Por Patrícia Medeiros

ENUNCIADO 282 FPPC – (arts. 319, III e 343) Para julgar com base em enquadramento normativo diverso daquele invocado pelas partes, ao juiz cabe observar o dever de consulta,  previsto no art. 10.

Referência Legislativa: Art. 10.  O juiz não pode decidir, em grau algum de jurisdição, com base em fundamento a respeito do qual não se tenha dado às partes oportunidade de se manifestar, ainda que se trate de matéria sobre a qual deva decidir de ofício.

Como já é sabido, o CPC de 2015 adotou  o modelo processual cooperativo, em substituição aos modelos dispositivo e inquisitório/inquisitivo.

Sob esse novo paradigma, o diálogo judicial na formação do juízo se frutifica na cooperação [1] das partes com o juiz e vice-versa, substituindo-se assim a posição de oposição e confronto entre os sujeitos processuais. Há um permanente concurso de atividades dos sujeitos com ampla colaboração tanto na pesquisa dos fatos, quanto na valorização jurídica da causa.

O contraditório passa a ser compreendido, então, de maneira renovada, cuja efetividade/observância não significa mais o simples debate das questões entre as partes, mas sim o real exercício do direito de defesa para fins de construção do convencimento do juiz.[2]. É o  contraditório em sua dimensão substancial, o denominado contraditório material, guindado a elemento normativo estrutural da comparticipação[3].

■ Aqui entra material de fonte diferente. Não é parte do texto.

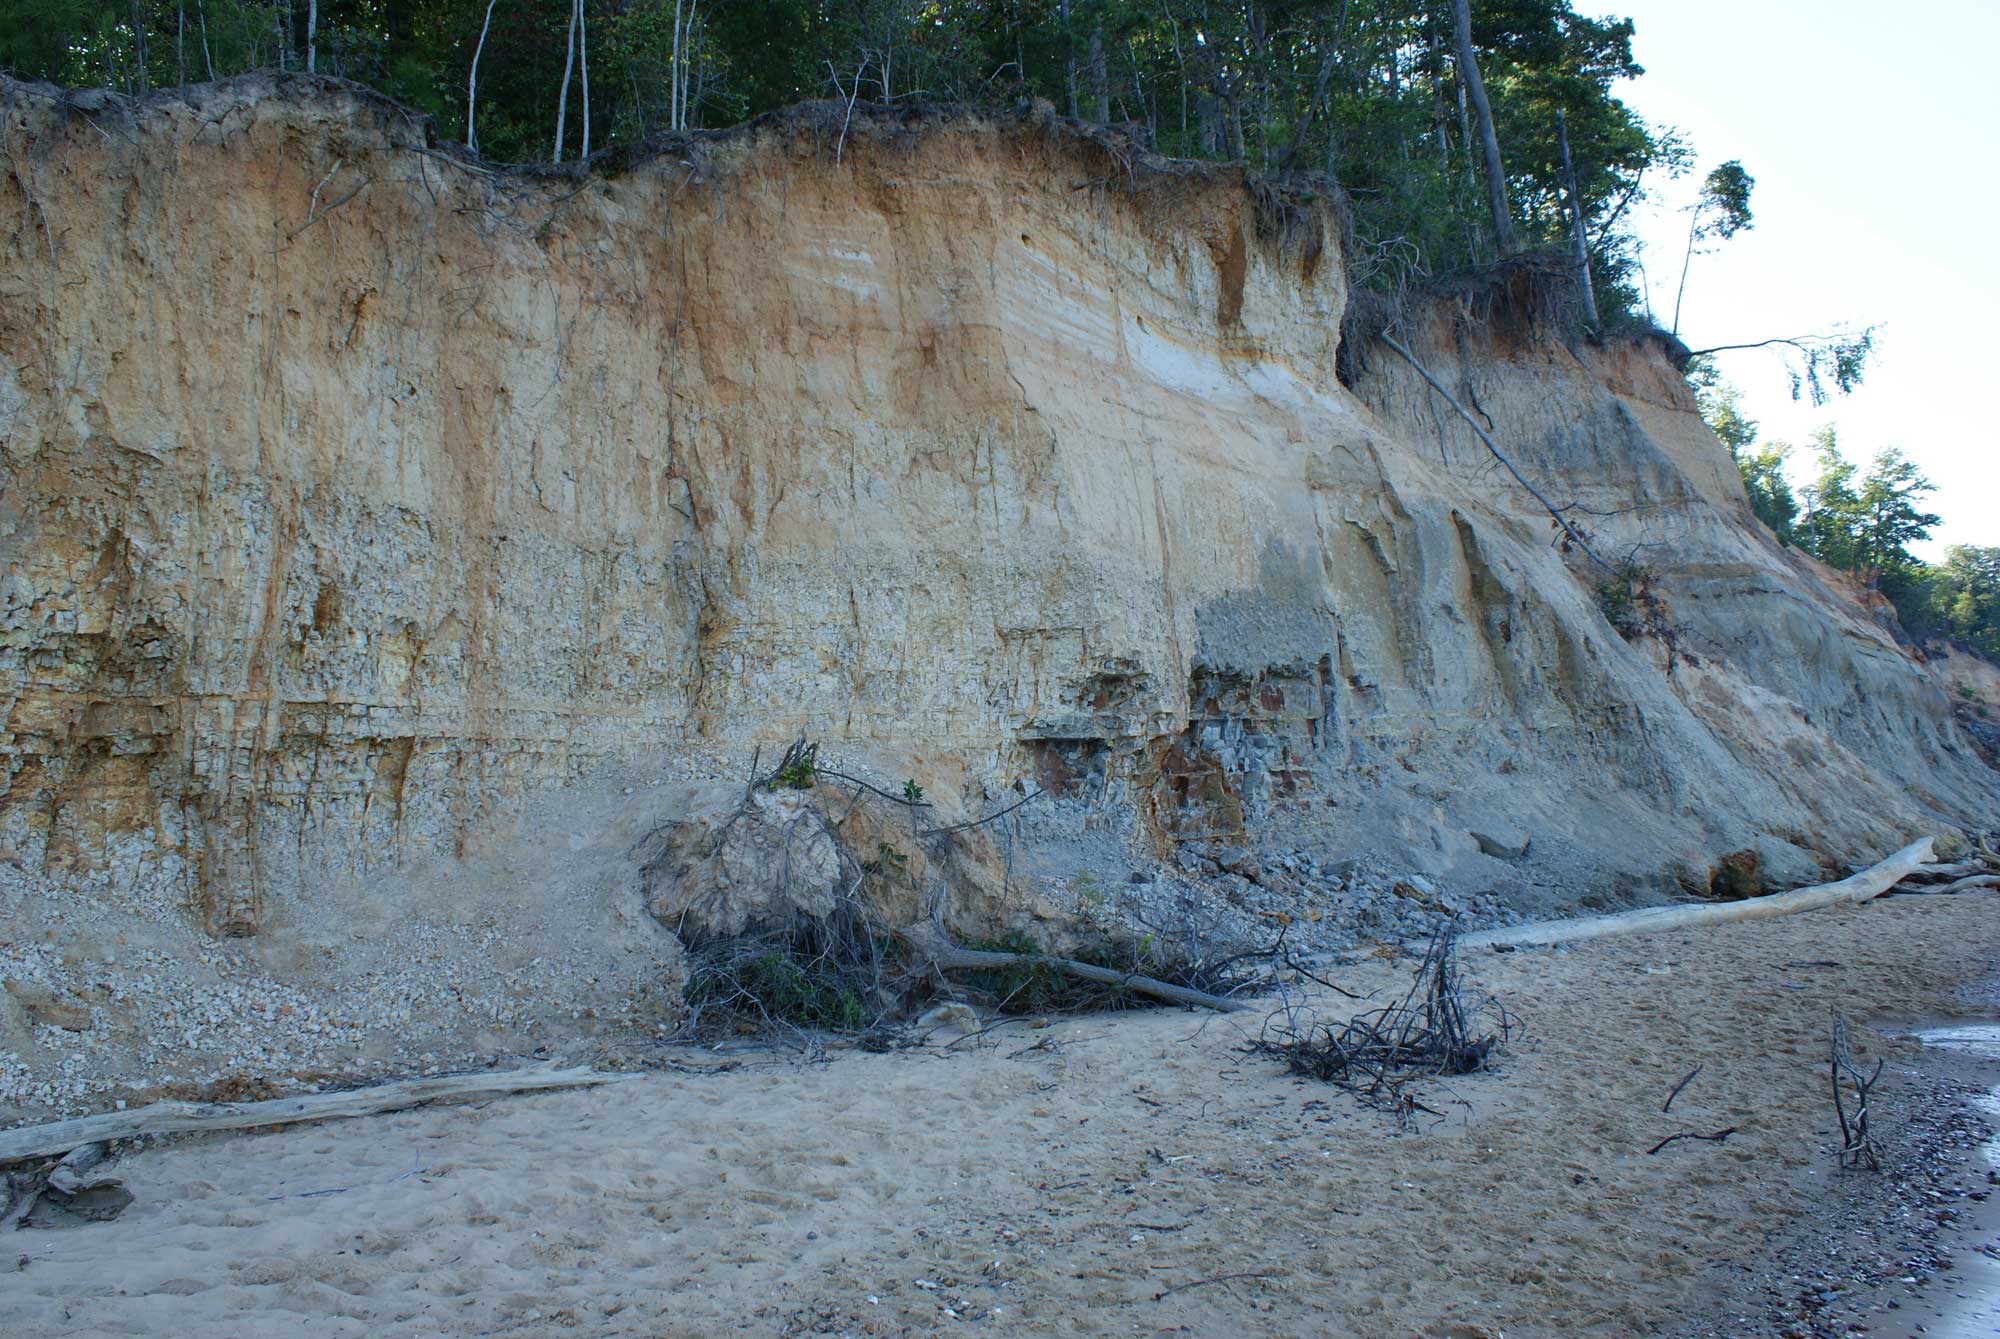 Photograph of Calvert Cliffs at Calvert Cliffs State Park in Maryland. The photo shows beachside cliffs with trees on top.

Nessa perspectiva , o contraditório implica a utilização de um método dialético na busca da verdade processual, especializando internamente um modo de controle recíproco dos riscos e abusos processuais , contribuindo para legitimar o exercício da jurisdição perante a sociedade[4].

Desse modo, a liberdade que era concedida ao juiz na escolha da norma aplicável independentemente da invocada pela parte, consubstanciada no brocardo iura novit curia, não pode mais dispensar a prévia oitiva das partes. Conforme alerta COMOGLIO, antes de chegar a uma decisão “della terza via”, ou a uma “sentenza a sorpresa”, baseado em enquadramento normativo diverso do proposto e discutido pelas partes, deve o juiz permitir que as partes dialoguem e discutam em um prévio contraditório perante ele. [5].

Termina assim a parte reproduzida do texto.